1. Prepare a solution of at least 2 mg/ml of protein in 0.1 M sodium carbonate buffer, pH 9.

Notes: Do not store sodium carbonate-bicarbonate buffer more than 1 week at 0-5 °C. The pH of the buffer may change upon storage. It is advised that fresh buffer be made just before use. The protein to be conjugated should be free of contaminating proteins, and protein solutions should not be prepared in buffers containing sodium azide or amines such as Tris or glycine since they inhibit the labeling reaction. If the buffer contains amines or sodium azide, dialyze protein solution against PBS, pH 7.4, overnight at 0 - 5 °C. Avoid dialysis at high pH values (> 8.0-8.5) as this may be harmful to some proteins.

2. Dissolve the FITC in anhydrous DMSO at 1 mg/ml.

Note: This should be prepared fresh for each labeling reaction.

3. For each 1 ml of protein solution, add 50 ml of FITC solution, very slowly in 5 ml aliquots while gently and continuously stirring the protein solution.

4. After all the required amount of FITC solution has been added, incubate the reaction in the dark for 8 hours at 4 °C.

5. Add NH4Cl to a final concentration of 50 mM and incubate for 2 hours at 4 °C.

6. Add xylene cyanol to 0.1% and glycerol to 5%.
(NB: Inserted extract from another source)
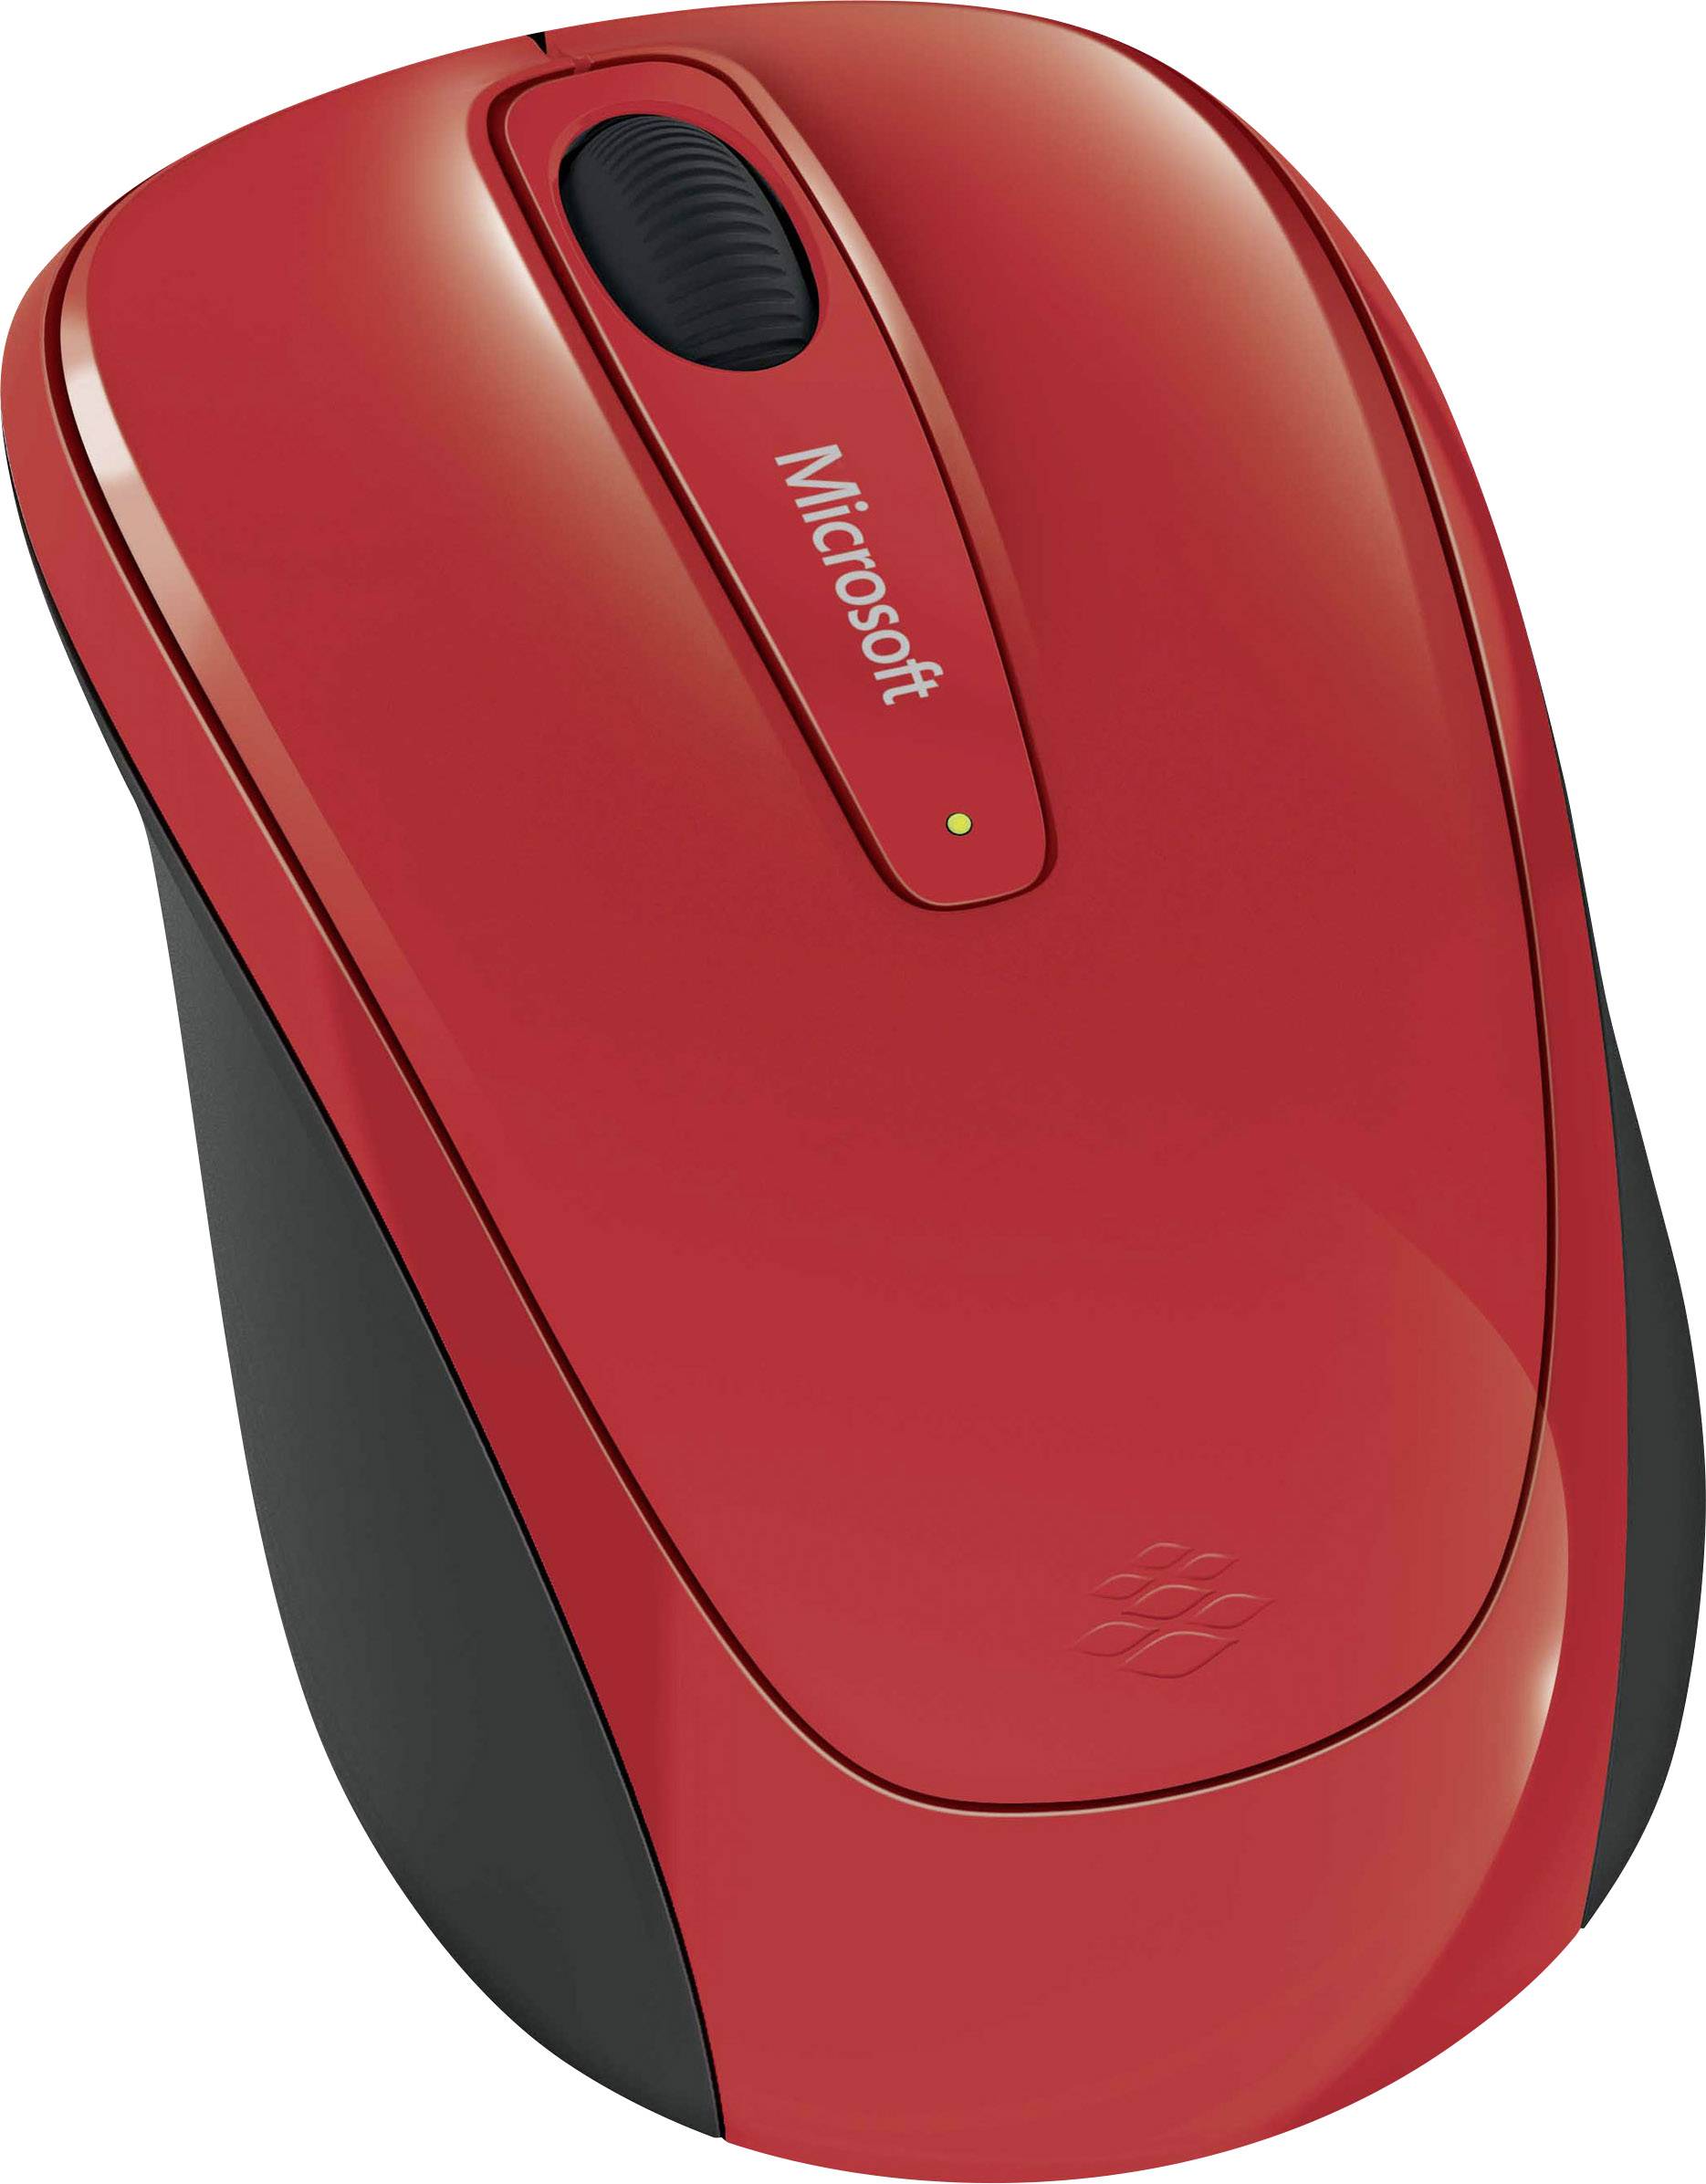 microsoft wireless mouse 3500 choppy

7. Separate the unbound FITC from the conjugate by gel filtration using a fine-sized gel matrix with an exclusion limit of 20,000 to 50,000 (for globular proteins such as antibodies). With the column flow stopped, carefully layer the reaction mixture onto the top of the column. Then open the column, allowing the reaction mixture to flow into the column. Just as it all enters the column bed, carefully add PBS to the top of the column and connect to a buffer supply. Two bands will form on the column. The faster moving band, which is the conjugated protein, elutes first and can usually be seen under room light. The slower moving band is the unreacted (free) FITC and xylene cyanol and will elute only with subsequent PBS washes.

8. Store the conjugate at 4 °C in the column buffer in a light-proof container. Sodium azide may be added as a preservative (final concentration 15 mM). If the protein concentration is low (< 1 mg/ml), bovine serum albumin (BSA) may be added to a final concentration of 1%.

9. The ratio of fluorescein to protein of the product can be estimated by measuring the absorbance at 495 nm and 280 nm. The F/P ratio should be between 0.3 and 1.0. Lower ratios will yield low signals; higher ratios will give high background.

Determination of Fluorescein/Protein Molar Ration (F/P)

The F/P molar ratio is defined as the ratio of moles of FITC to moles of protein in the conjugate. To determine this ratio, it is necessary to first determine the absorbance of the conjugate sample at 280 nm and then at 495 nm.

Place the conjugate sample in a quartz cuvette. Read the absorbance of the conjugate sample at 280 nm and 495 nm. The absorbance reading of the conjugate sample should be between 0.2 and 1.4 at 280 nm. If the absorbance reading is outside this range, adjust the sample dilution accordingly.